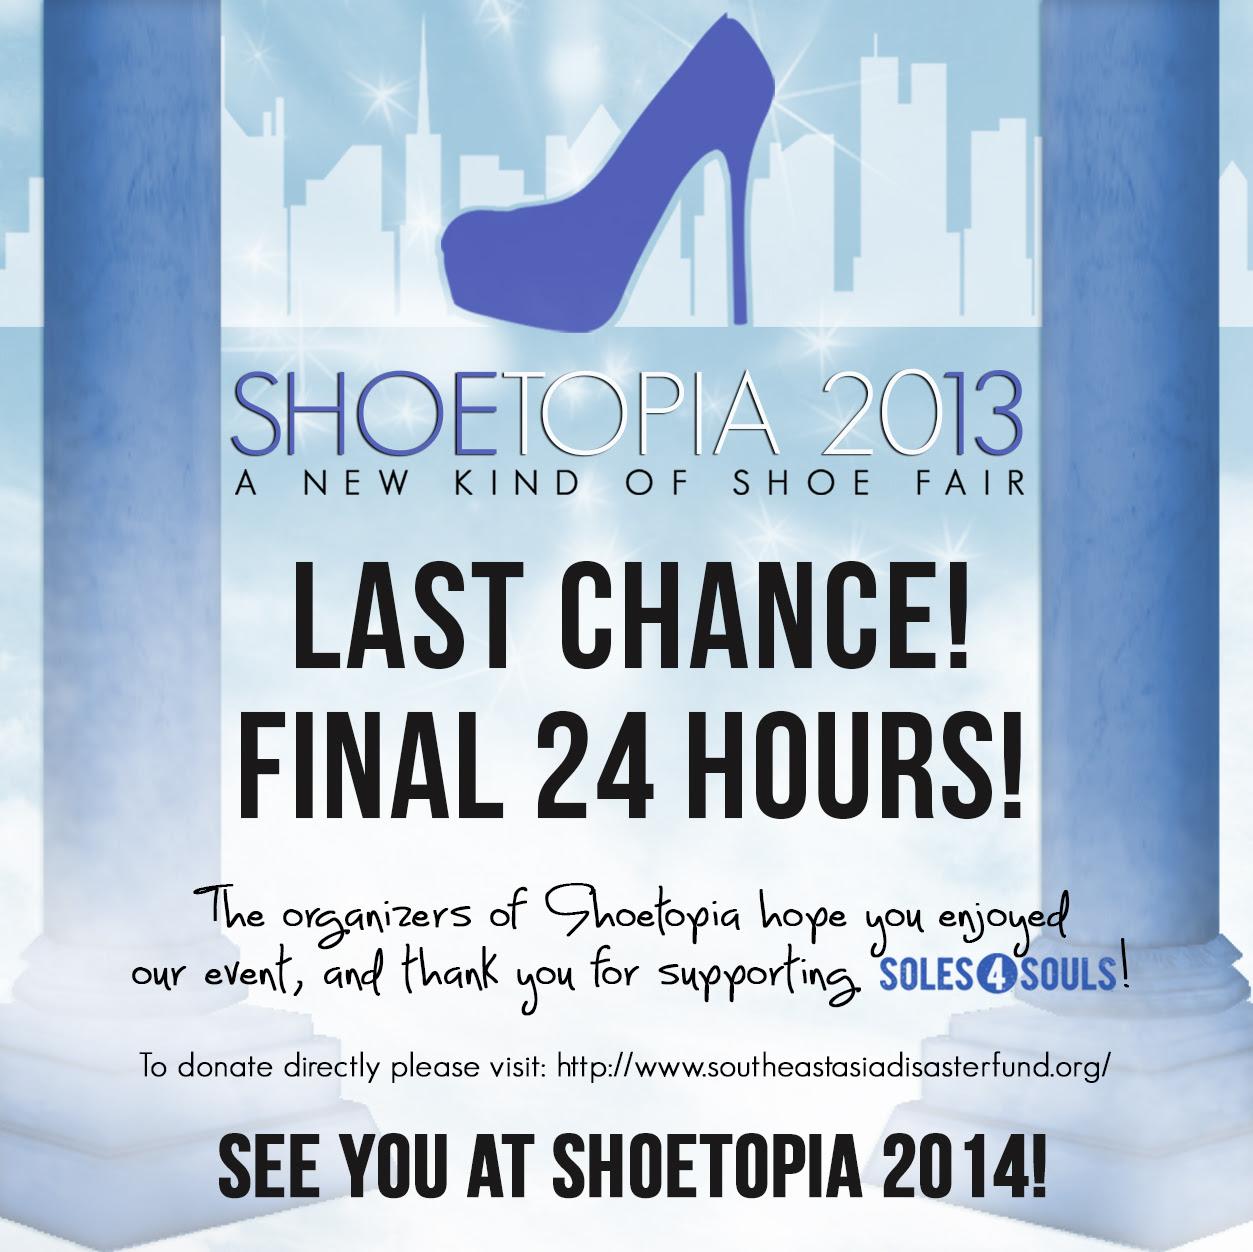 Last Chance to Visit SHOETOPIA 2013!
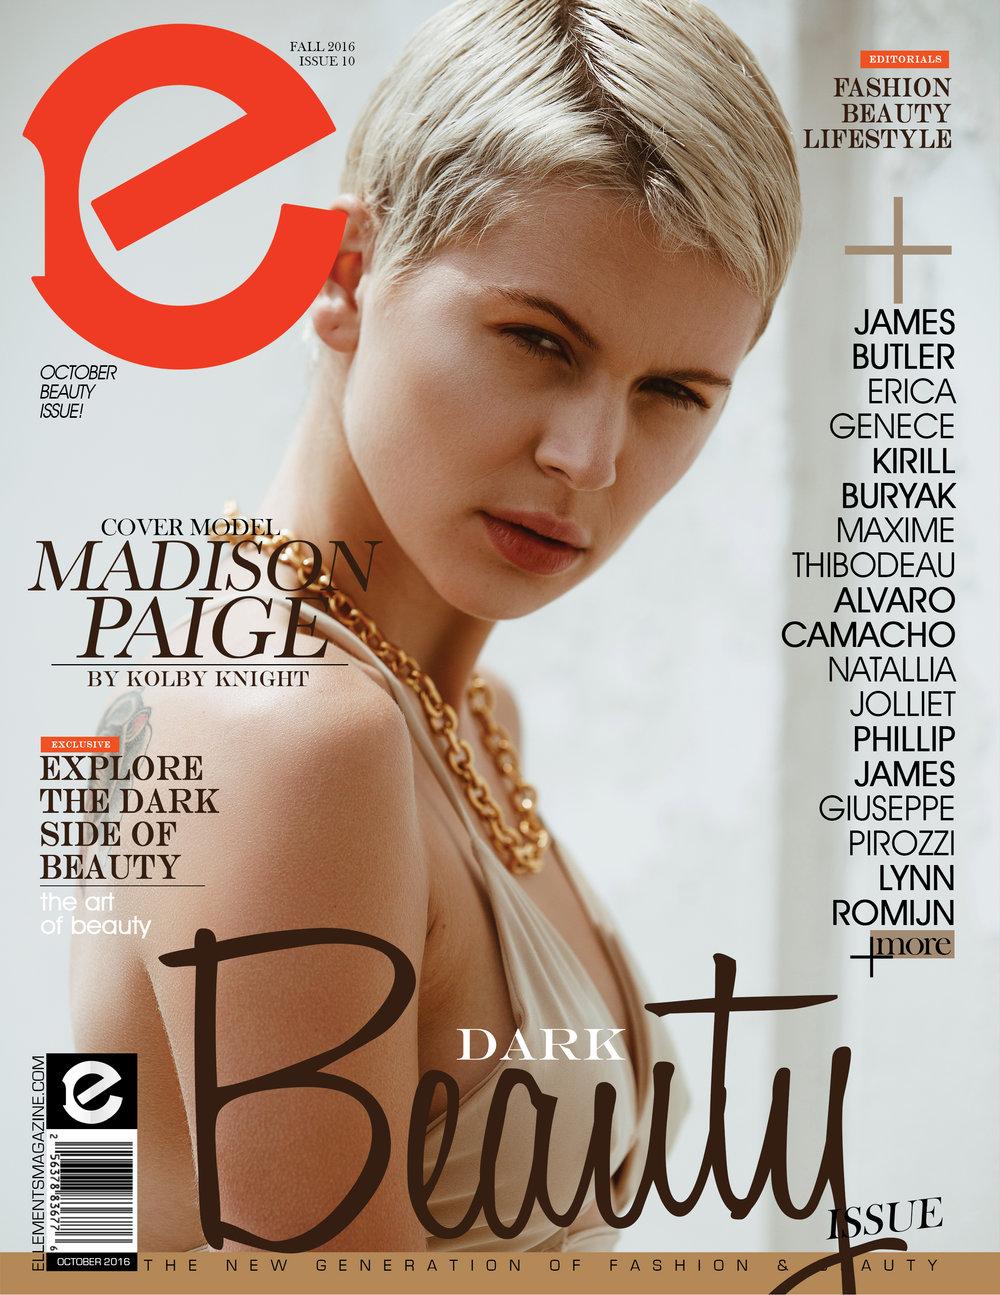 Ellements Magazine , Cover Story Nov 2016
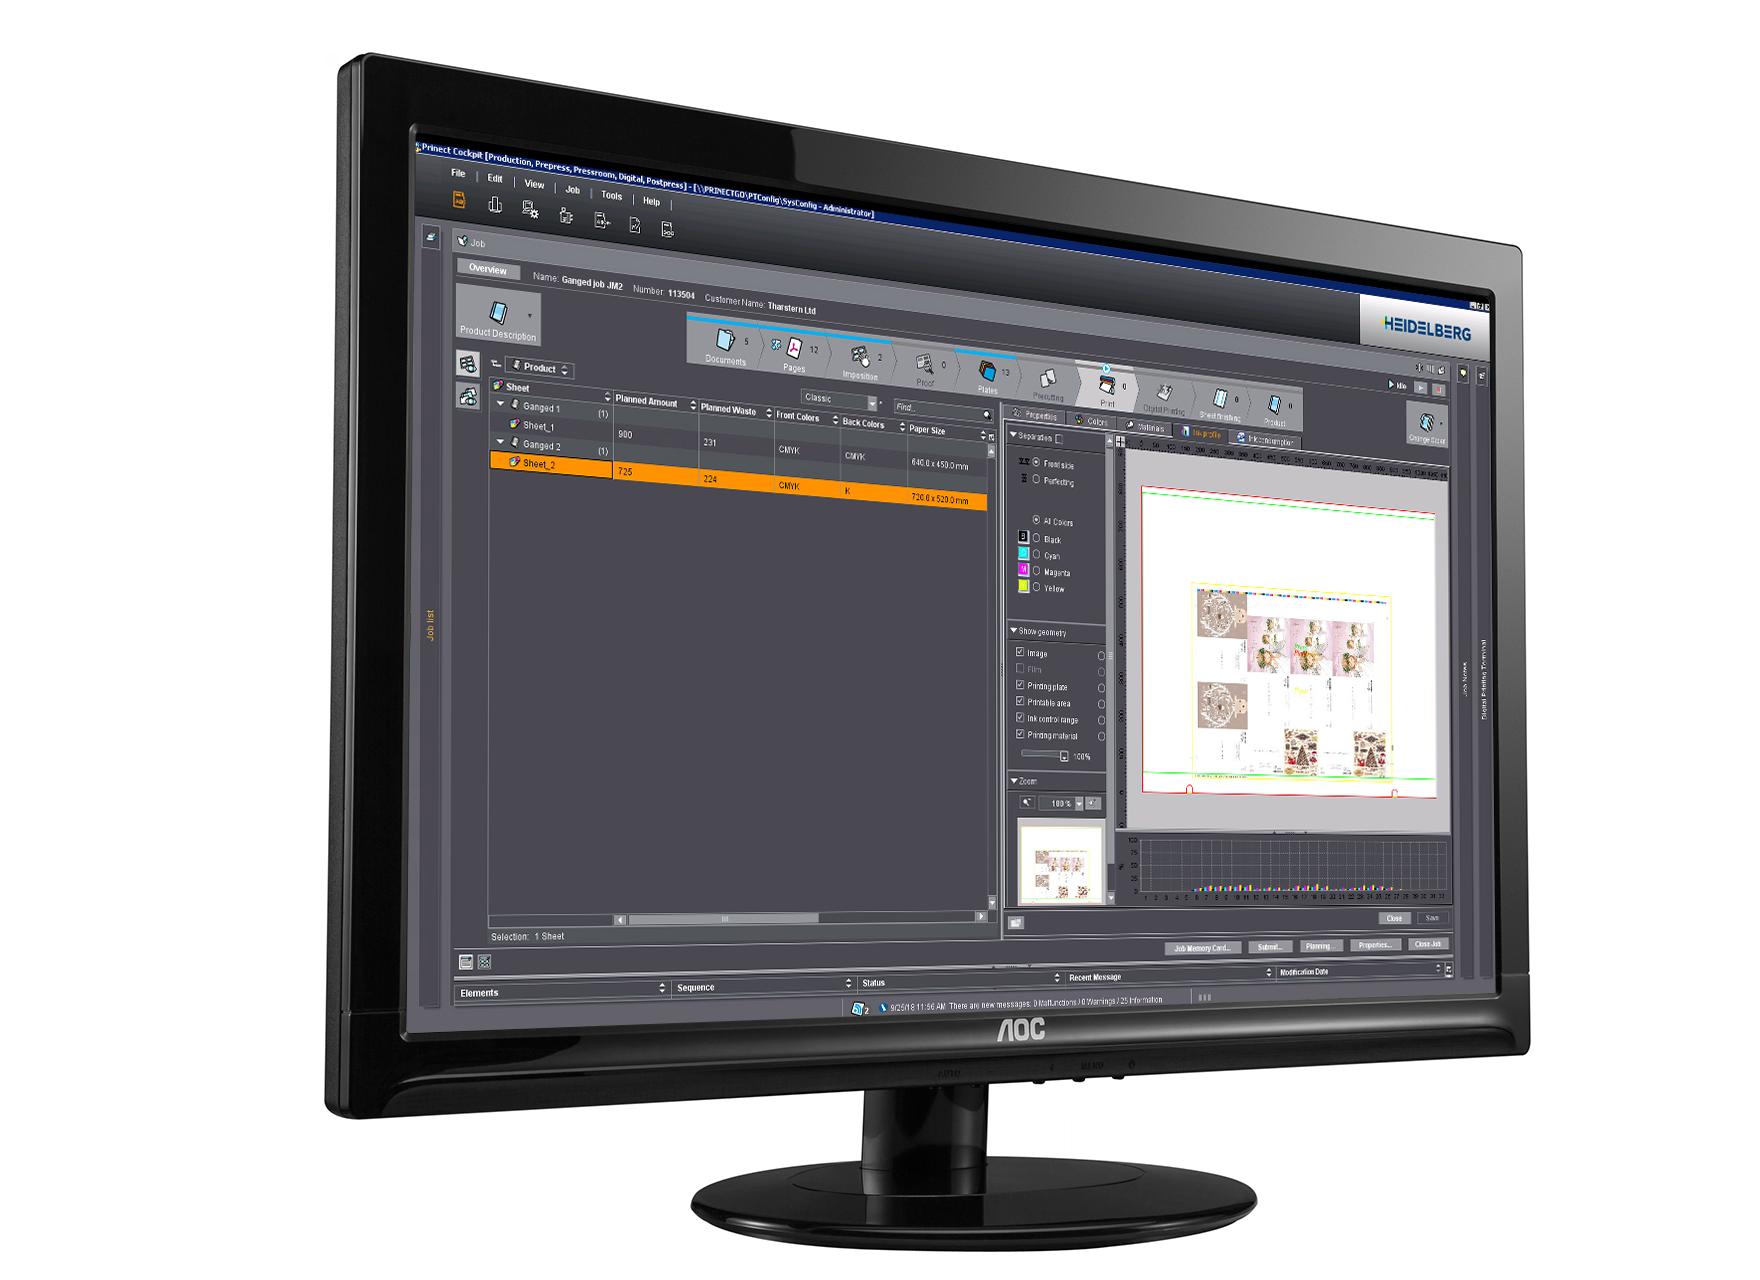 Tharstern Heidelberg Pressroom Manager Integration

• **EXERCISE PROMPT**
What you hand back should match the listing exactly, except that no pictures appear.

• **OUTPUT OF THE EXERCISE**
 Last Chance to Visit SHOETOPIA 2013!
 Ellements Magazine , Cover Story Nov 2016
 Tharstern Heidelberg Pressroom Manager Integration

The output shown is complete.